Relationships and straitjackets

Relationships are strange things, and sometimes it baffles me that they exist at all. When everyone's pretty much the same messed-up piece of work, with variations, how can we actually love somebody? And when the expectations of any two people in a relationship are inevitably different, how remarkable it is that any common ground they find is sustainable. And isn't it a paradox that you could be involved in a beautiful relationship in which you love unconditionally, but because it is trapped with a straitjacketed category like 'marriage' or 'platonic friendship', it has limits enforced on it, artificial constraints that distort its truth?

All apropos of nothing, of course, and not stuff I'll write more about on this blog. But I was rather pleased to find a great post by Falstaff in which he expounds rather well on similar matters.

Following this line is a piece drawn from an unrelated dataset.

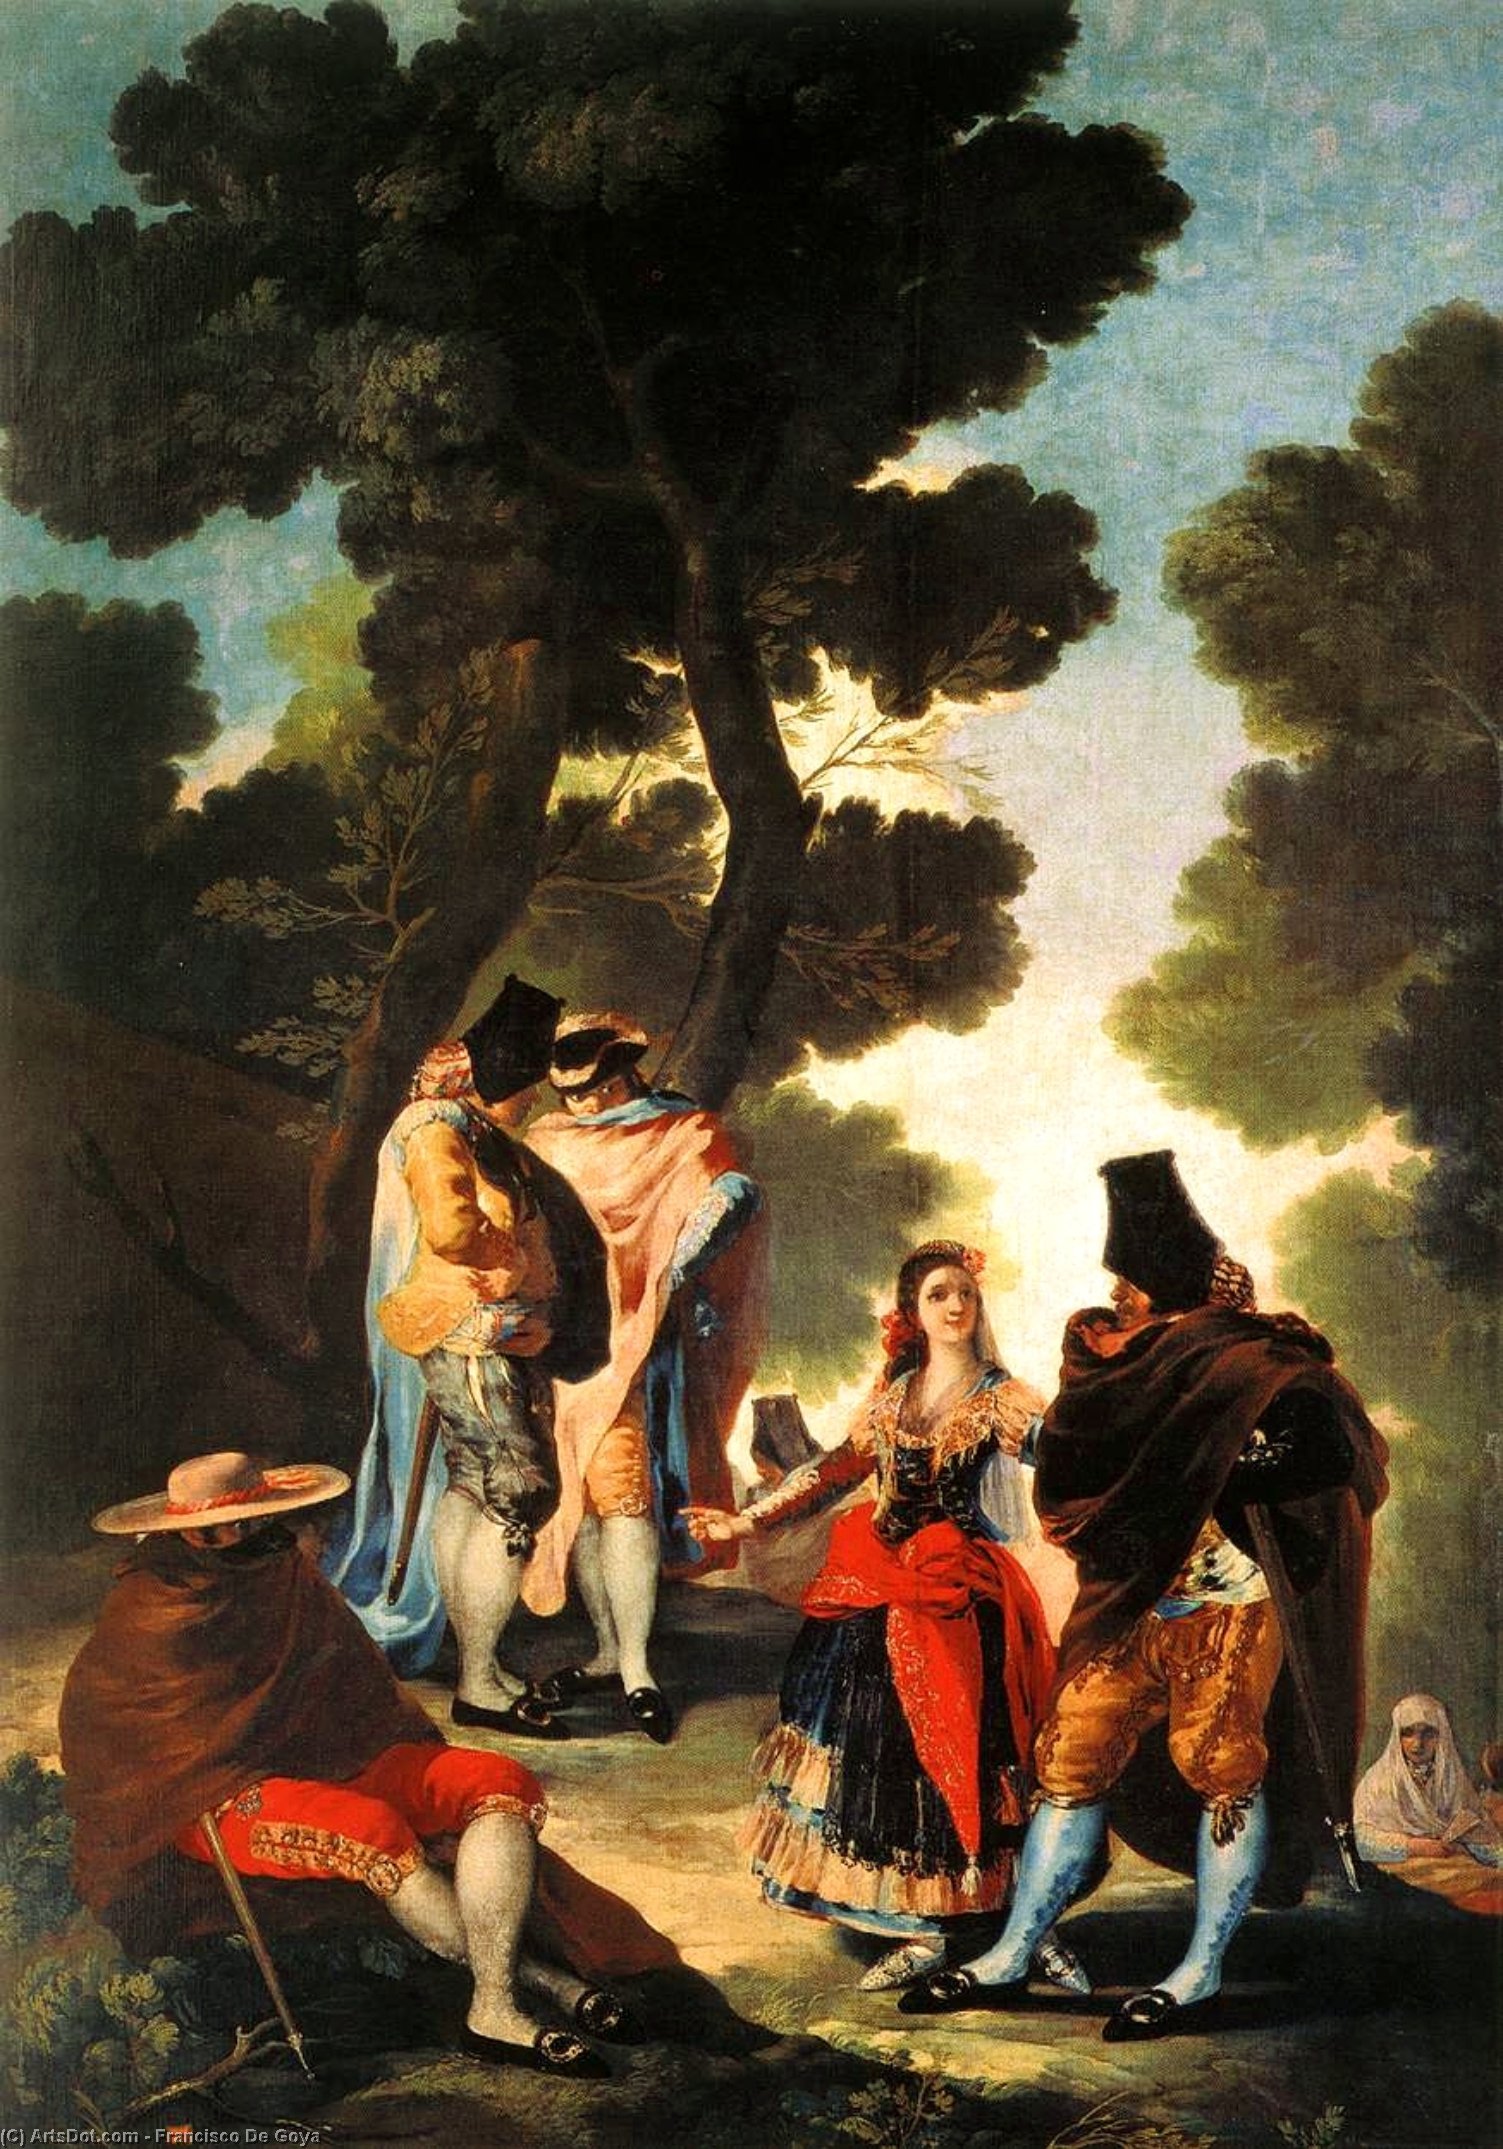 WikiOO.org - Encyclopedia of Fine Arts - Maleri, Artwork Francisco De Goya - La maja y los embozados
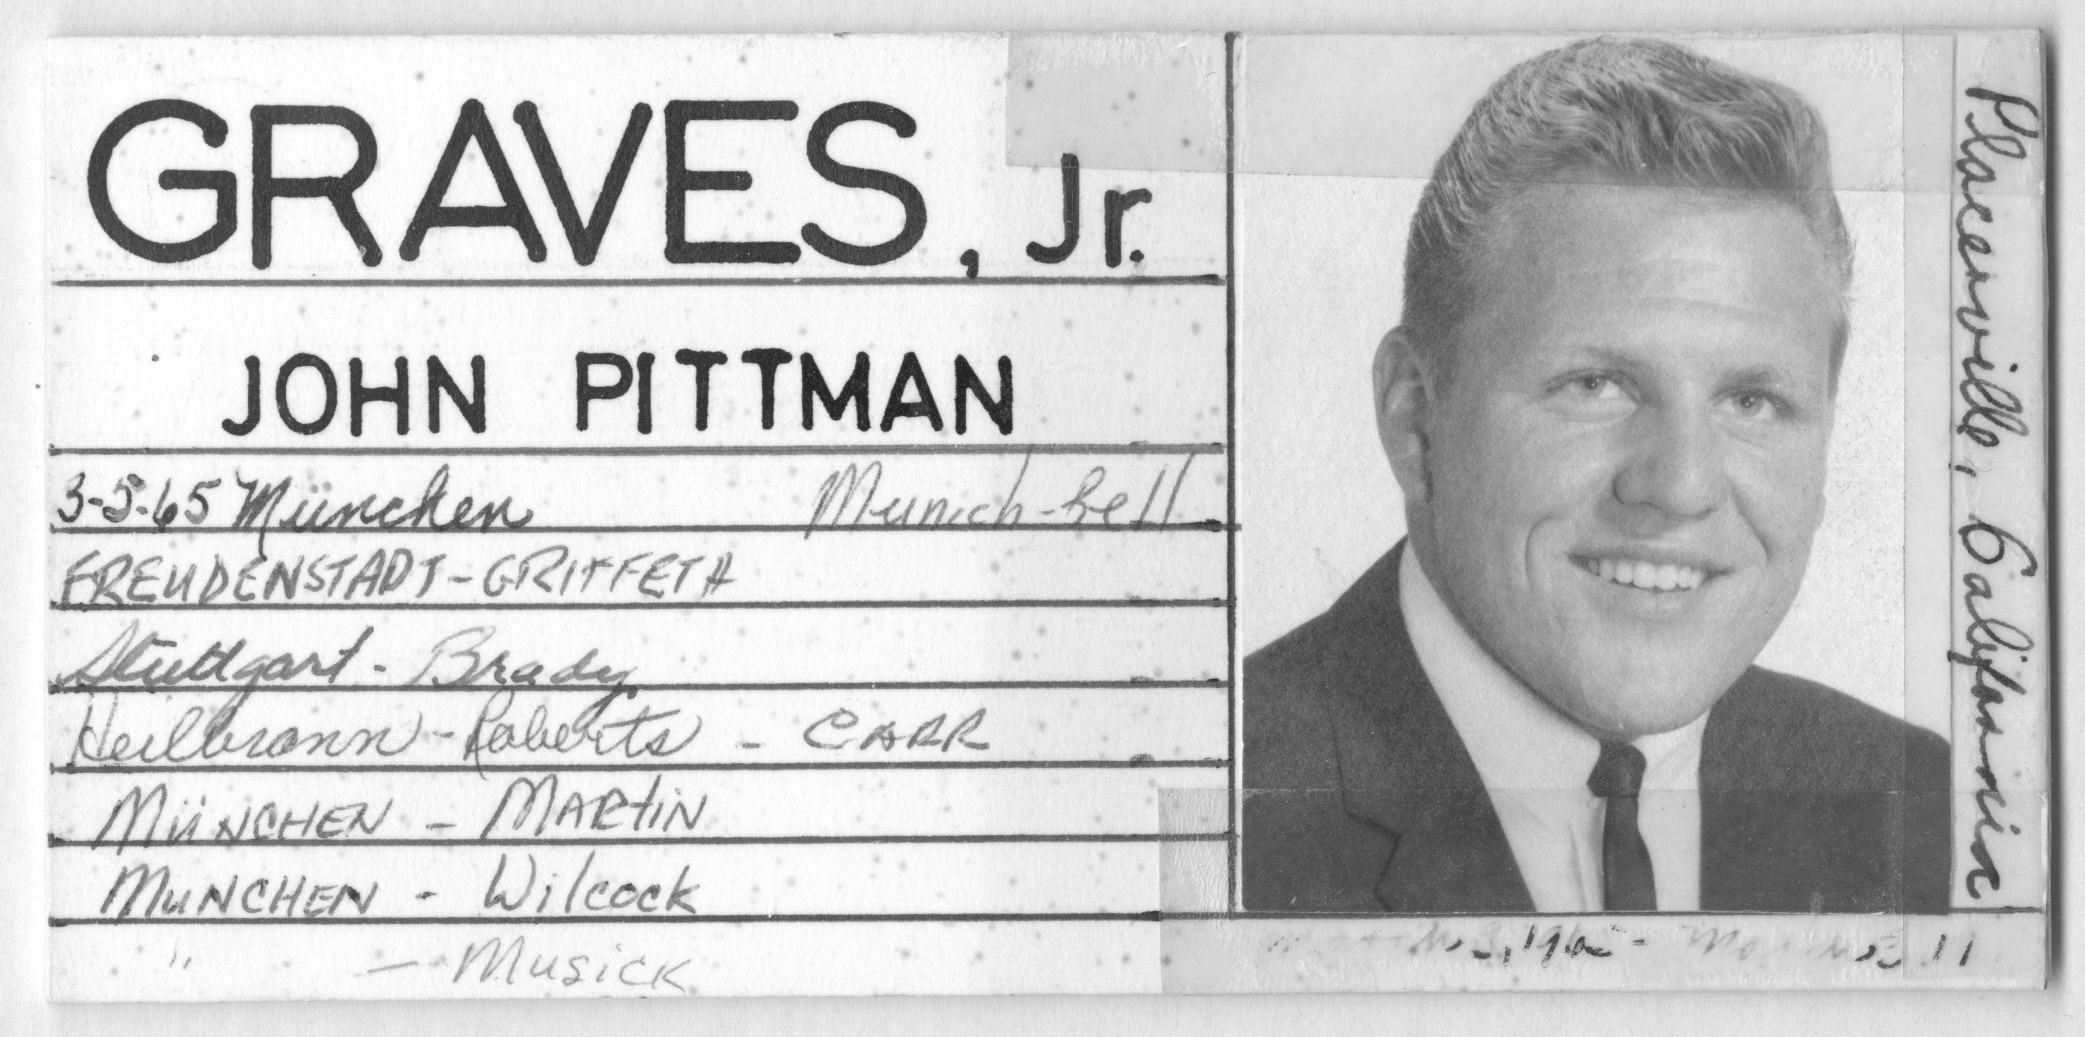 Graves Jr., John Pittman

He writes:
Is it just that in an age obsessed with menus, with choices, with the drop-down box, we have turned even love into a multiple choice question? "How do you feel about this person? Are you a) a friend b) a lover c) a brother or d) a father". What about none of the above? What about Other (please specify)? What about feelings that are open-ended?

Or is it that we have been so poisoned by reason, by our quest for explicability, that the apprehension of another human being in his or her specificity has become impossible for us, and that we can only love people (as we may only hate them) by converting them into abstractions, into the idea of the other rather than the other itself? That having to face up to the reality of who the other person is, to their infinite humanity, is more than we are capable of, so that just as we must ignore what is human about someone to hate him or her, we must also ignore the details of the person we care for, in order to love them? Is this why we give names to our feelings - because we cannot experience them unless they are made intelligible to us, like a child who cannot eat his dinner unless it is cut into bite sized pieces?
Actually, we view not just relationships but all the world around us in "bite-sized pieces," because of our "quest for explicability" and an inability to fathom the true complexity of the world. So we see patterns where there are none, and fit all kinds of phenomena into a worldview we use, in part, to define who we are. But all common worldviews are somewhat simplistic, and putting a finger on who we are, is, well, a rather complex matter as well.

This is the paragraph where I could start to ramble self-importantly. Before that happens, I'll end this post.